Task item:
The line containing "Uncategorized Cartoon Angel" and each line after it, through the final line of the data, are to be retyped exactly, with pictures left out.

Information shown:
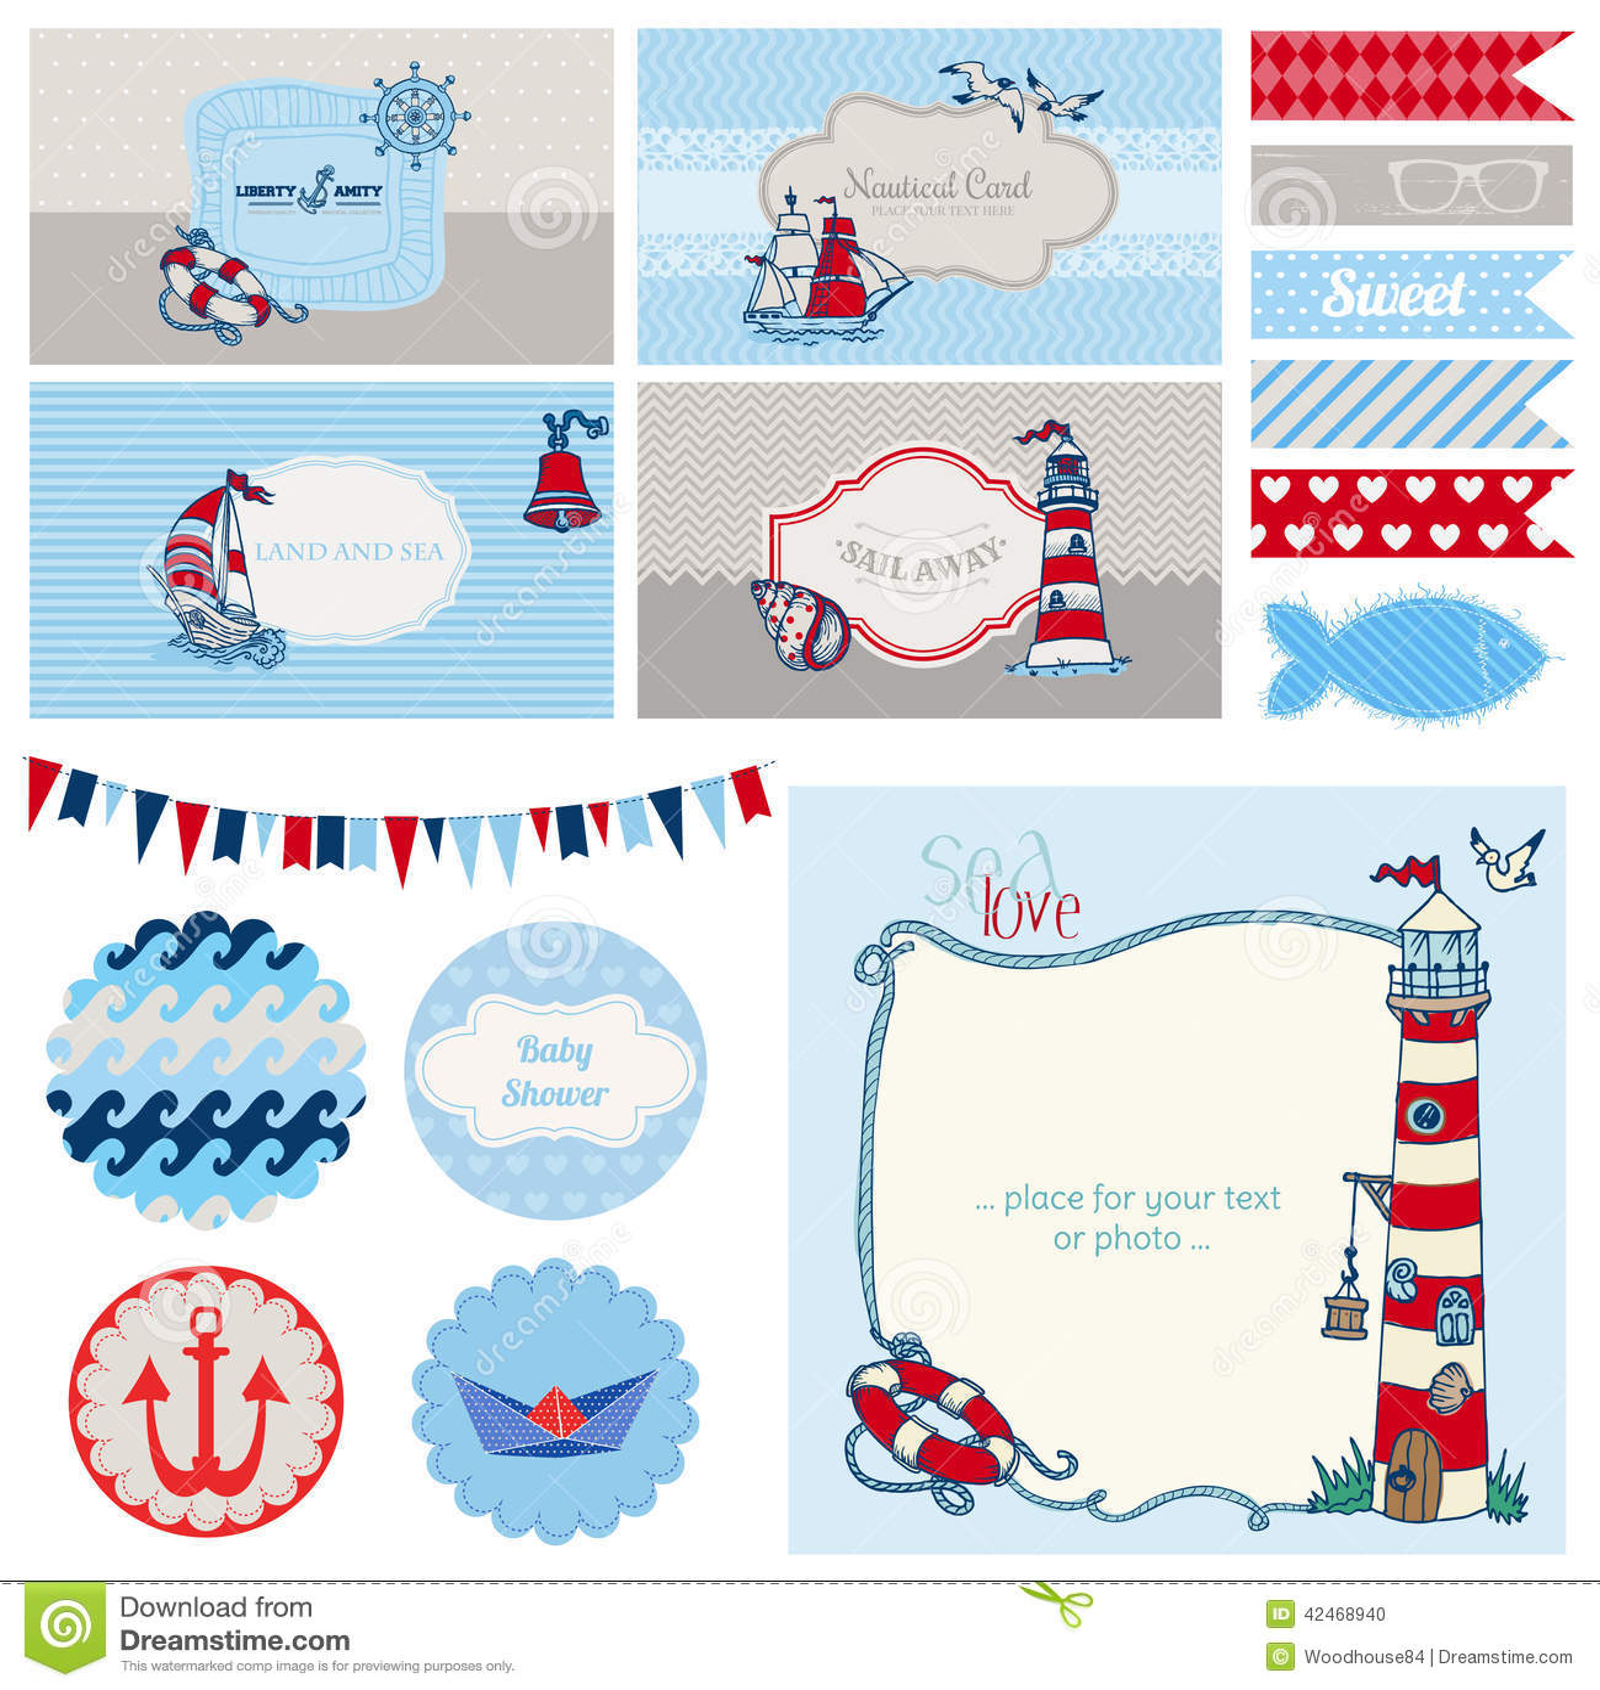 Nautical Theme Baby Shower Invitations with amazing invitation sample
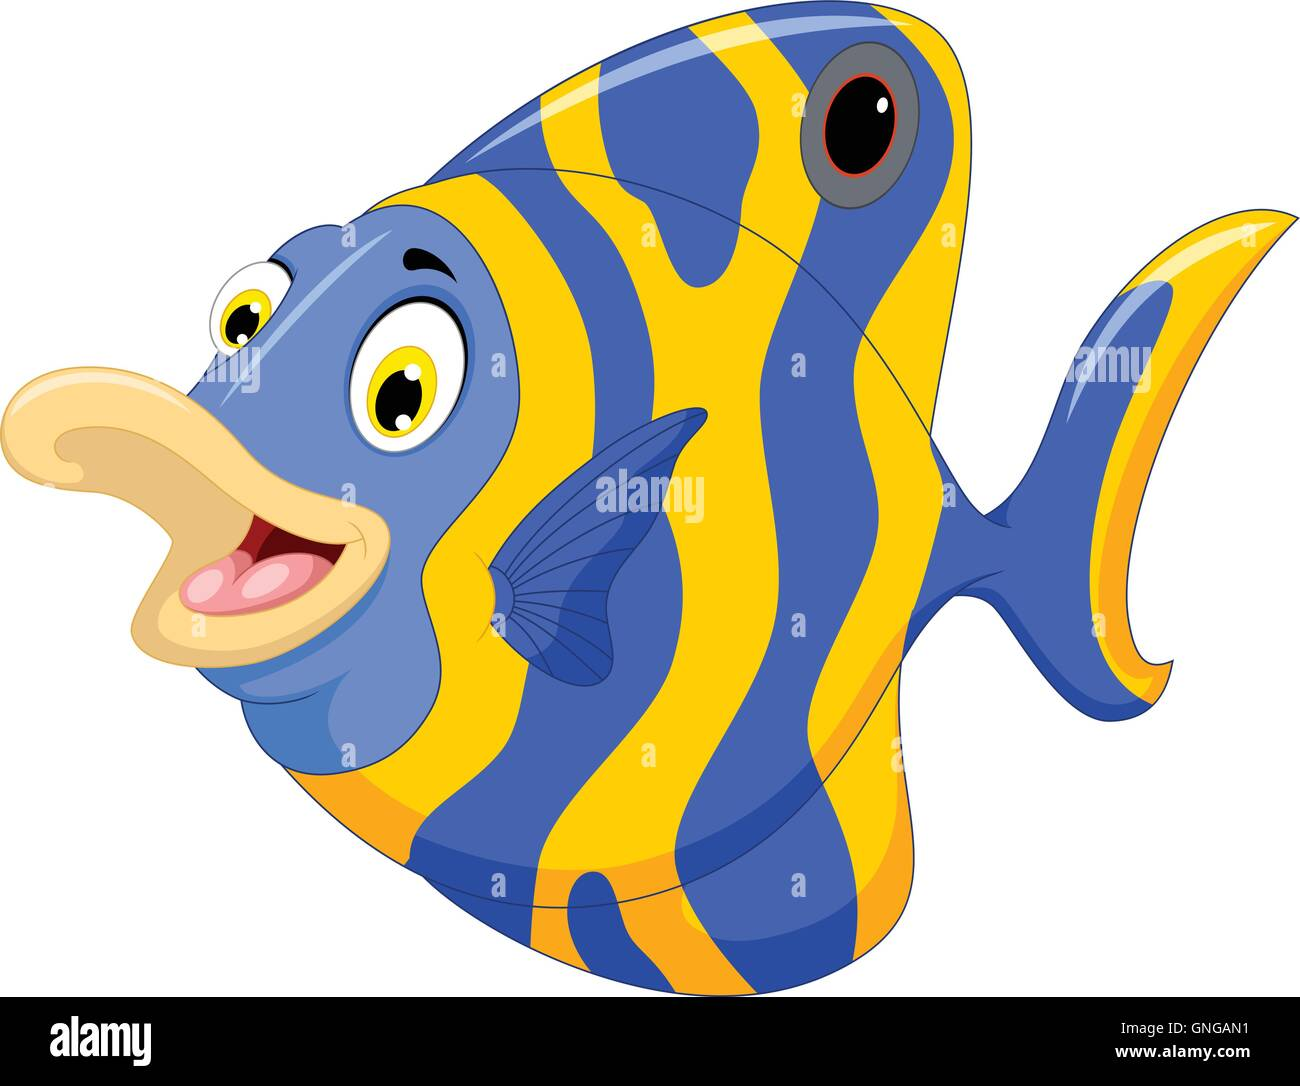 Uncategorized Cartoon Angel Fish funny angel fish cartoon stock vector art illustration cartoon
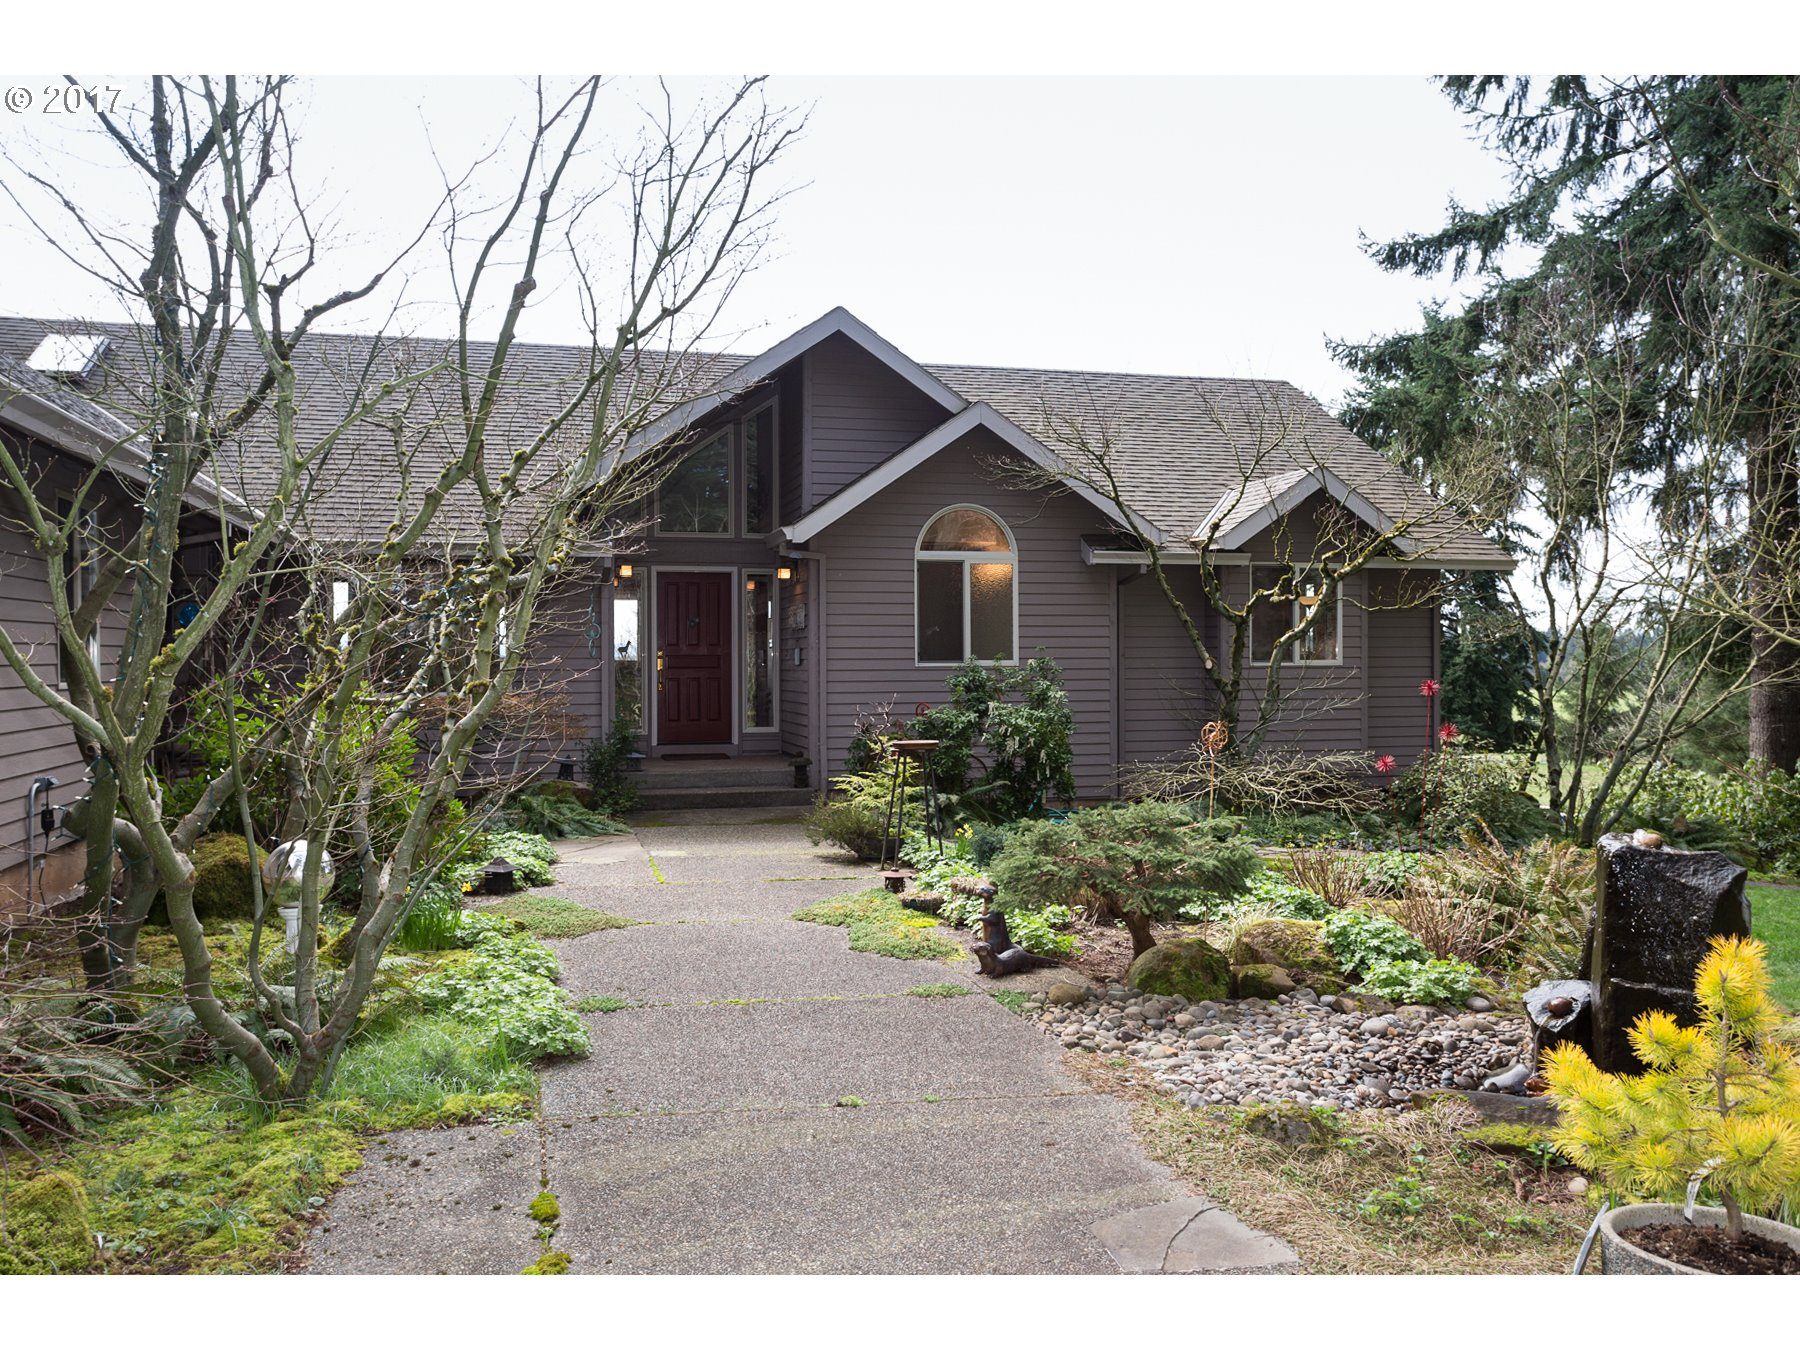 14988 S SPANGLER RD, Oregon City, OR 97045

Response below:
 Uncategorized Cartoon Angel Fish funny angel fish cartoon stock vector art illustration cartoon
 14988 S SPANGLER RD, Oregon City, OR 97045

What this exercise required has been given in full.